I also wonder if, in some cases, the Table of Contents was so large, our independent reviewers didn’t bother scrolling down to look for real content. All they saw was a bunch of nonsensical looking TOC links. This happens if you update your blog frequently, but you schedule your RSS-to-email campaign to go out in weekly or monthly batches. Not that I’d change my behavior just for random Mechanical Turk reviewers. What your subscribers want is more important.
But there’s a broader lesson here on image vs. text balance. A similar example plucked from my spam folder in Gmail:
Why this is important to email marketers
When you send a lot of email marketing, even to a totally permission-based double opt-in list, you’re going to get some spam complaints from your recipients.

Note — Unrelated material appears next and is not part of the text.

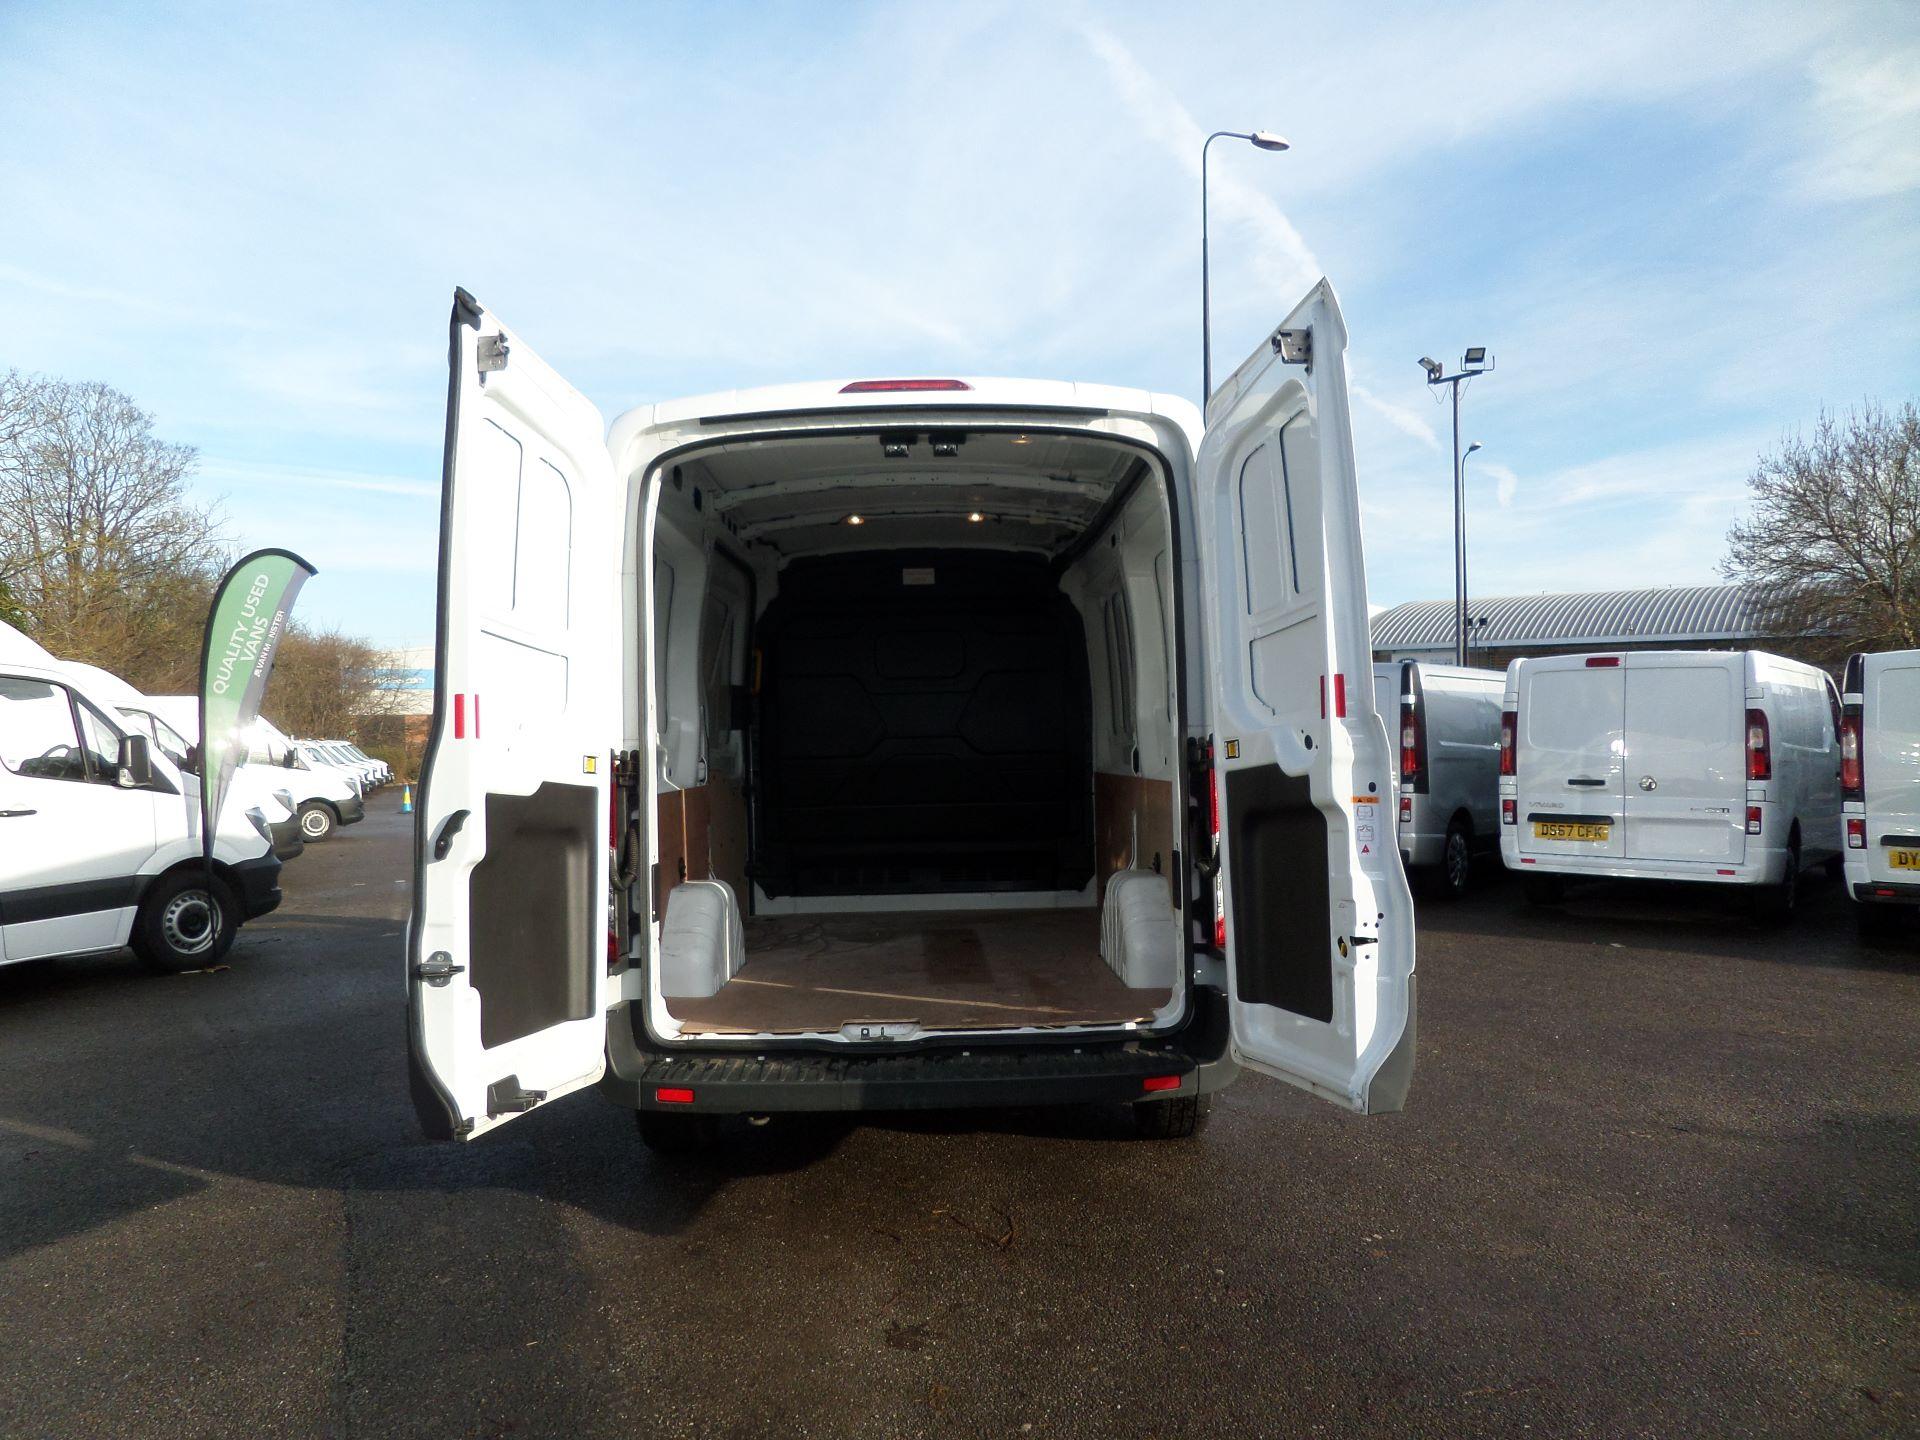 2018 Ford Transit 2.0 Tdci 130Ps H2/L2 Van Euro 6 (FE18JGO) Image 4

It’s inevitable. Sometimes, it’s because they’re too lazy to click your unsub link, they think the "spam" button is the unsub link, or sometimes it’s because they forgot signing up to your list (maybe because you send infrequently, like me).
So even if you do your list management right, and you design everything perfectly around your subscribers’ expectations, we always recommend that you give some consideration to this "secret" audience that also reads your email (See: "What makes a good permission reminder?"). Don’t bend over backwards for them, or anything.
It’s kind of like how your mother always told you to wear clean underwear, "in case you’re in an accident." Take a good look at your email templates, and ask yourself, "If my email got reported as spam, and some spamcop laid his eyes on it, what would they think? Would mom be proud?"